The java.math.BigDecimal.movePointLeft(int n) returns a BigDecimal which is equivalent to this one with the decimal point moved n places to the left. If n is non-negative, the call merely adds n to the scale. If n is negative, the call is equivalent to movePointRight(-n).

The BigDecimal returned by this call has value (this × 10-n) and scale max(this.scale()+n, 0).

## Declaration

Following is the declaration for java.math.BigDecimal.movePointLeft() method.
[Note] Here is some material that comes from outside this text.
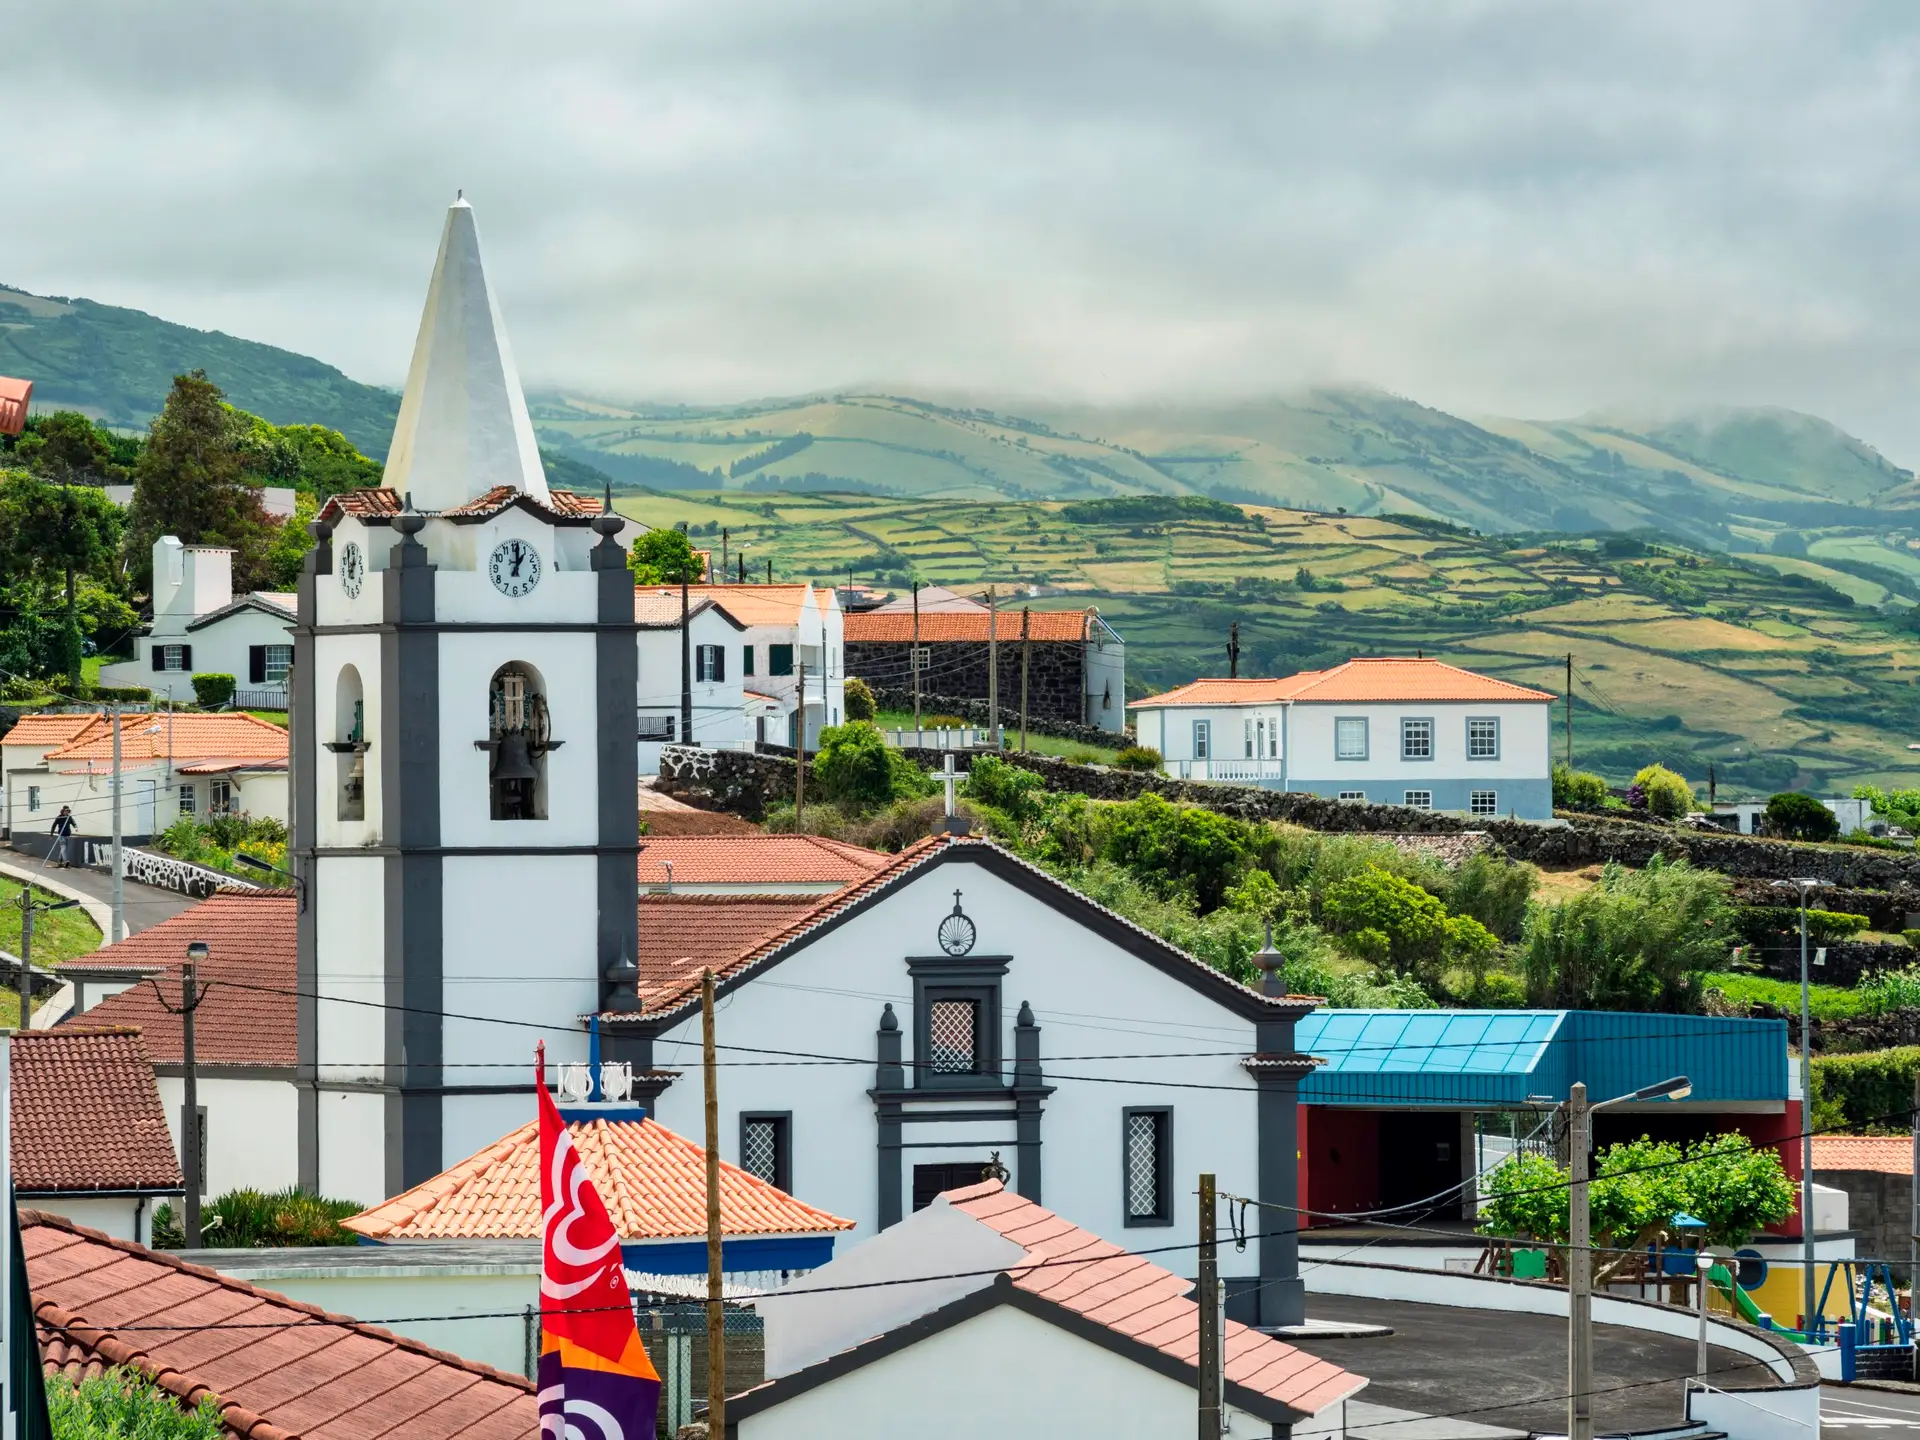 Crise sismovulcânica nos Açores: “A normalidade já regressou” a São Jorge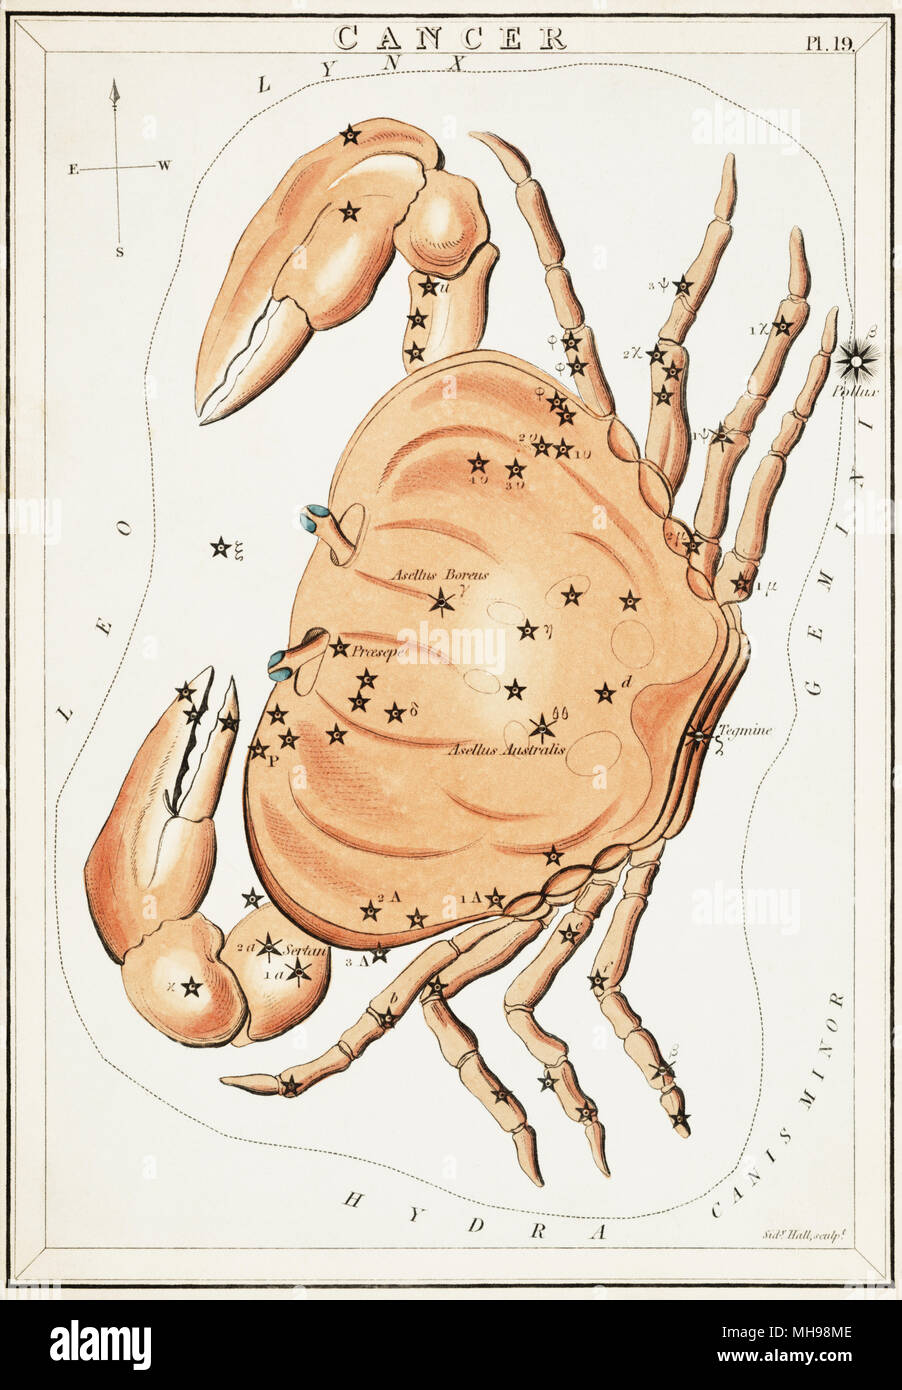 Krebs. Karte Nummer 19 von Urania's Mirror, oder einen Blick auf den Himmel, eines der 32 astronomischen Star Chart Karten von Sidney Hall graviert und publshed 1824. Stockfoto

```public BigDecimal movePointLeft(int n)
```

## Parameters

n − Number of places to move the decimal point to the left.

## Return Value

This method returns a BigDecimal which is equivalent to this one with the decimal point moved n places to the left.

## Exception

ArithmeticException − If scale overflows.

## Example

The following example shows the usage of math.BigDecimal.movePointLeft() method.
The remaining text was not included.